WHAT IS EXPECTED> Your reply must contain the full listing below, reproduced exactly, but no pictures.

GIVEN MATERIAL>
<<<<

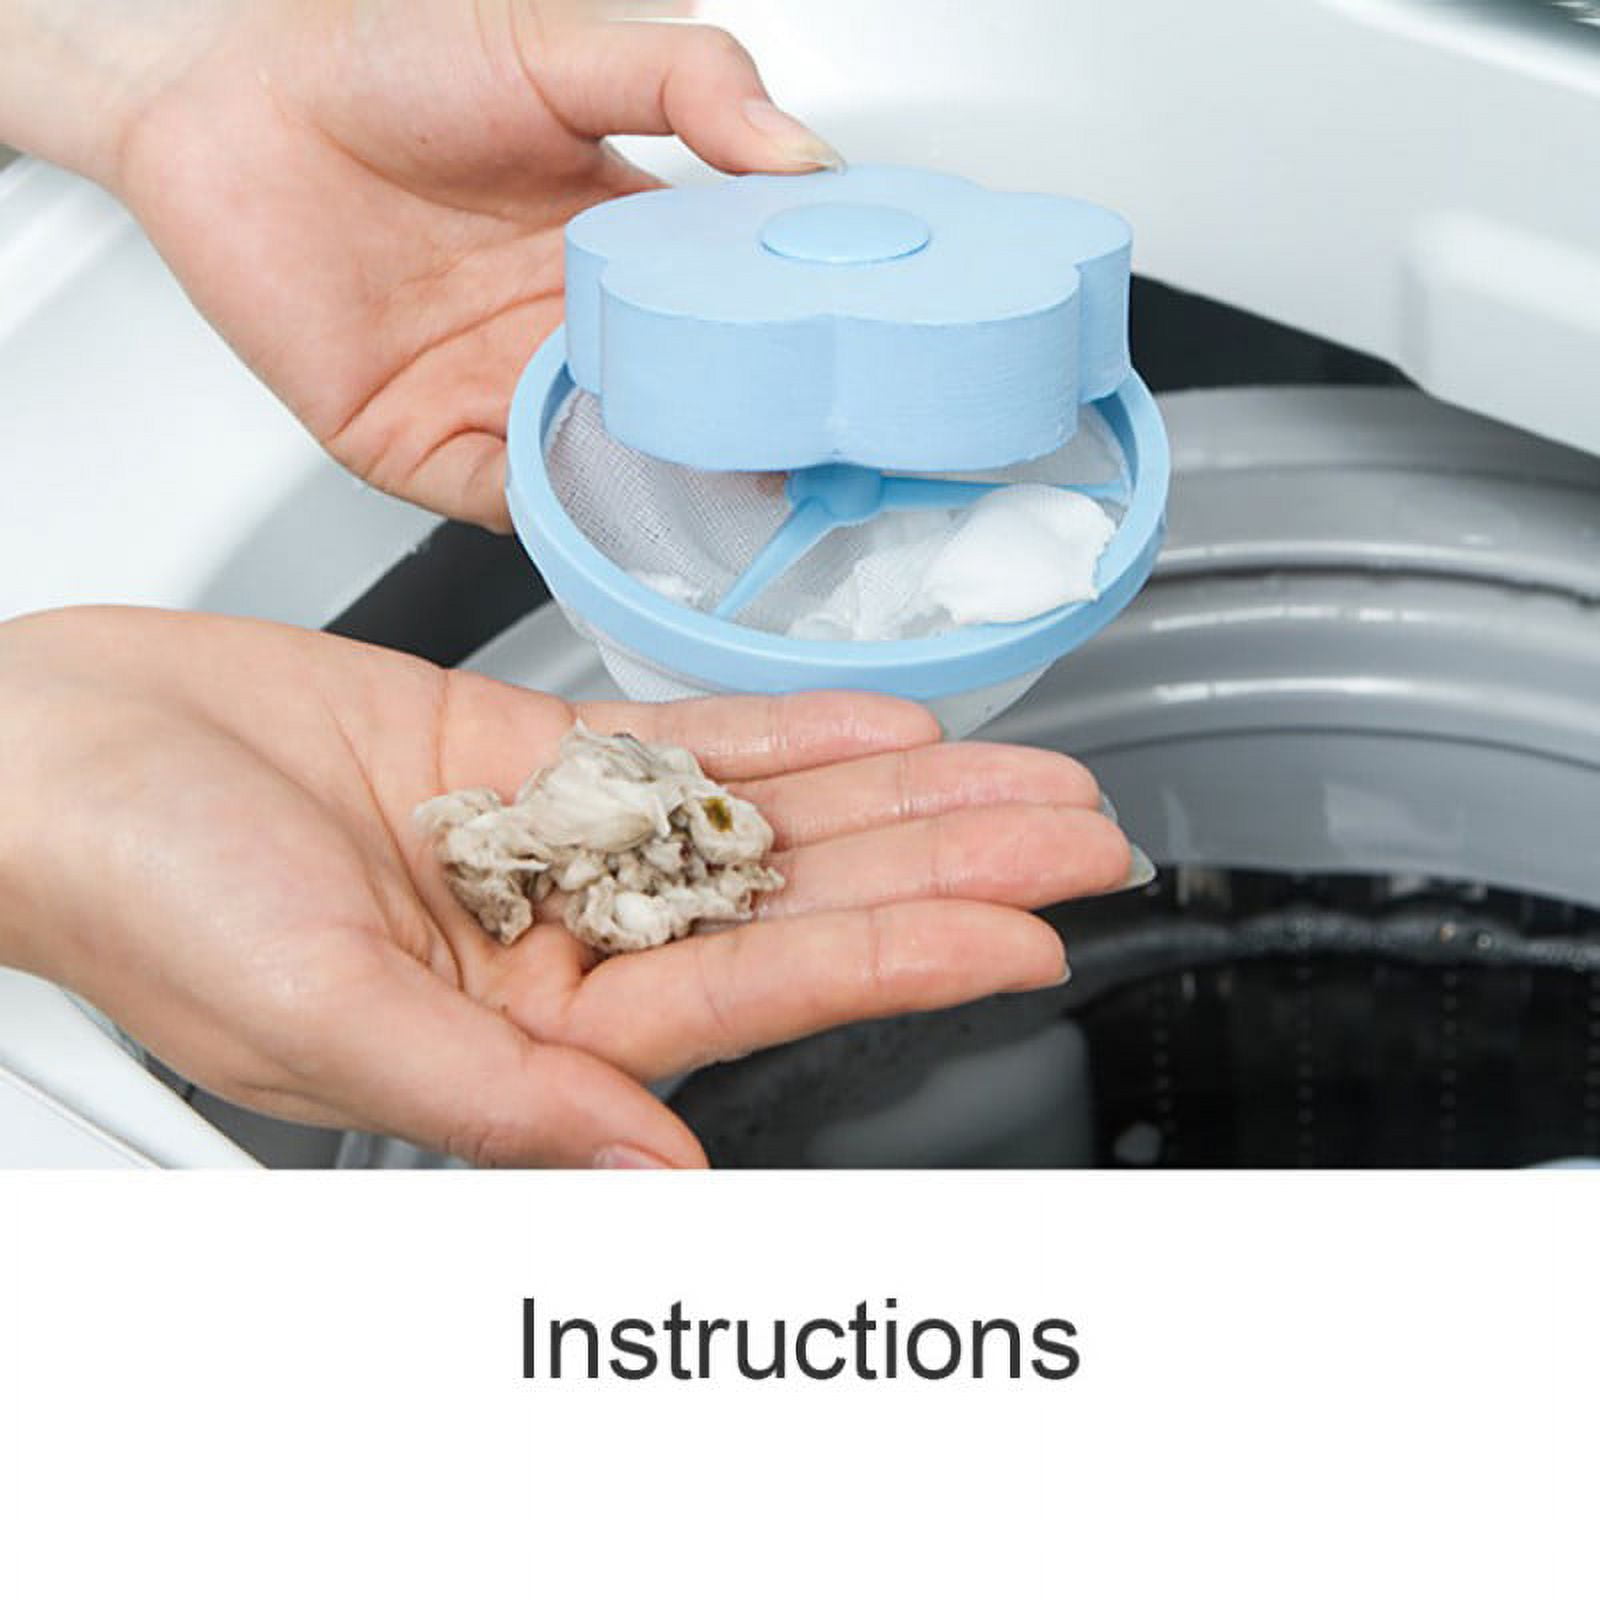 Dropship Laundry Hair Remover Pet Lint Washing Machine Catcher
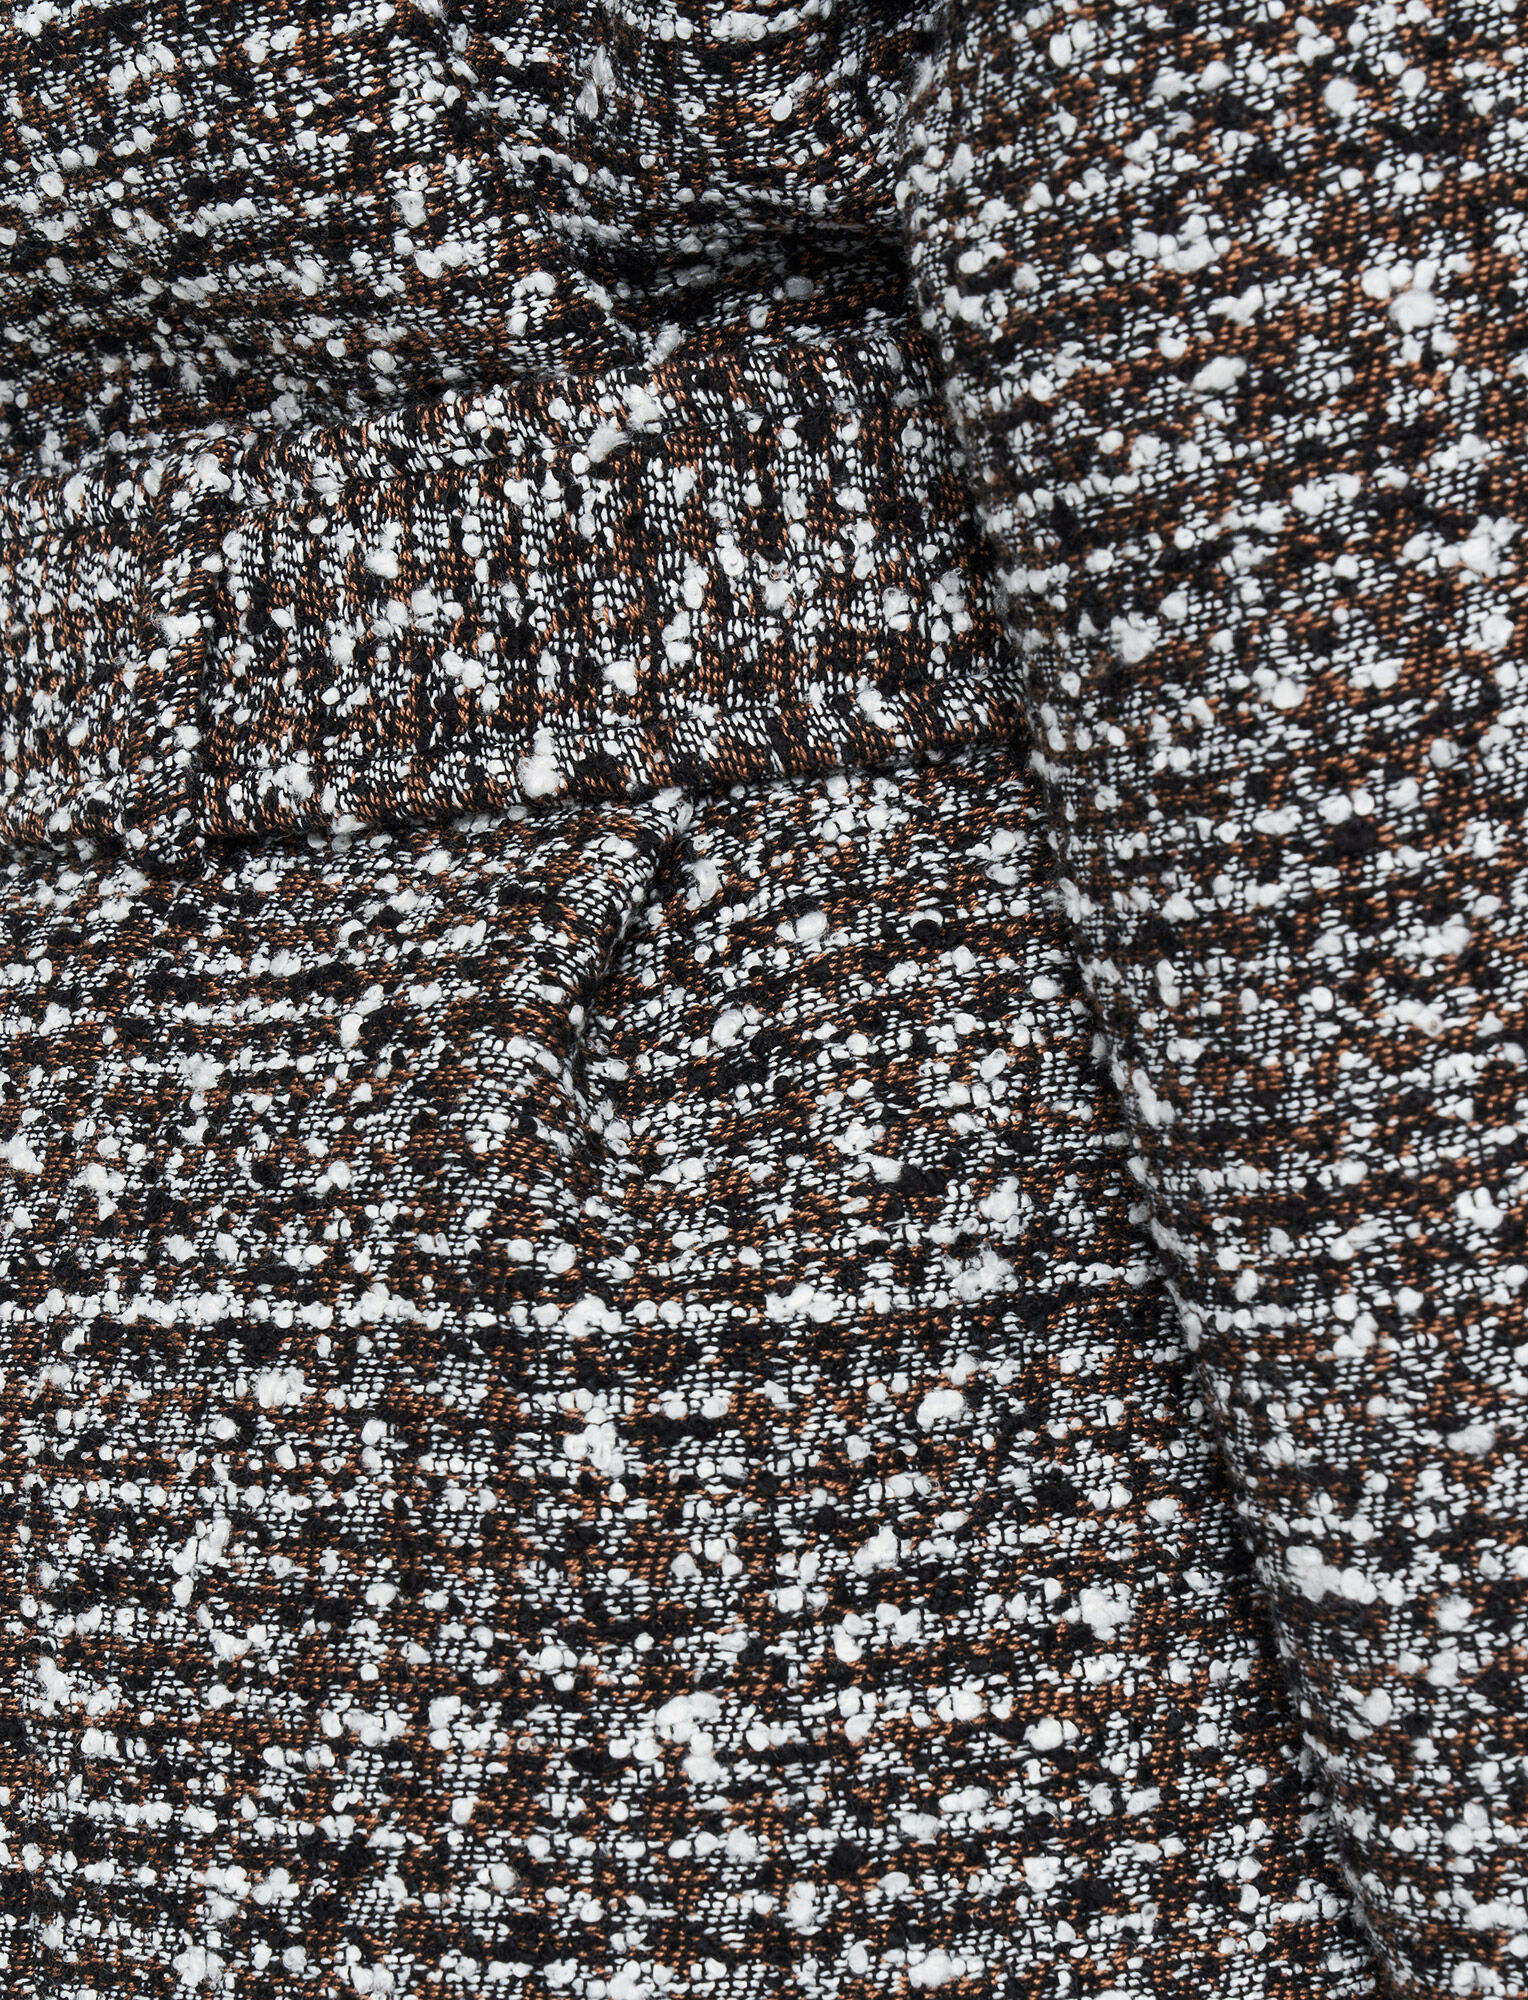 Joseph, Wool Tweed Clery Coat, in Black Combo
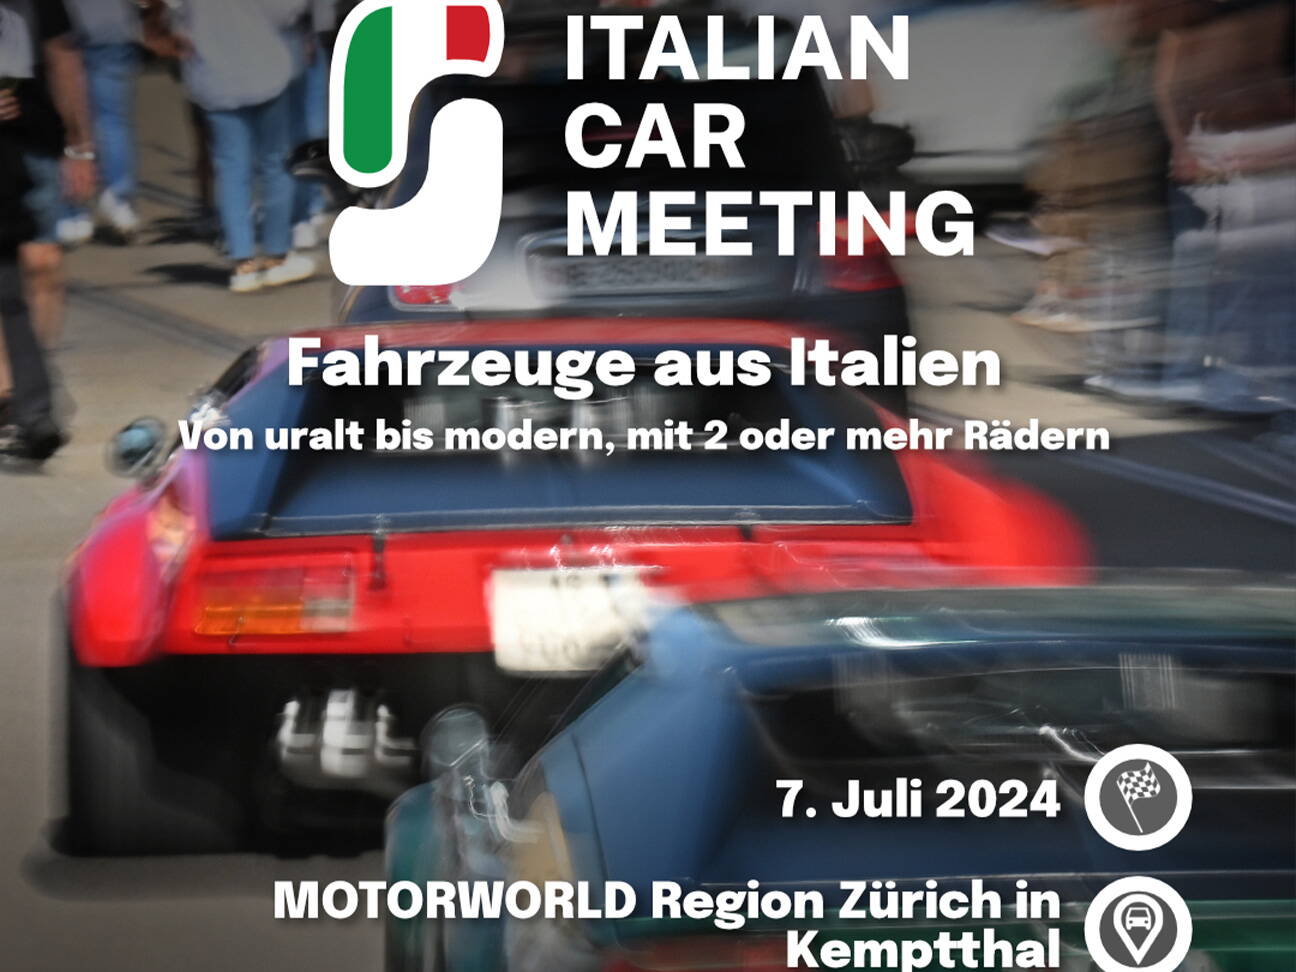 The Valley_Italian car meeting

>>>>

WRITTEN ANSWER>
 Dropship Laundry Hair Remover Pet Lint Washing Machine Catcher
 Joseph, Wool Tweed Clery Coat, in Black Combo
 The Valley_Italian car meeting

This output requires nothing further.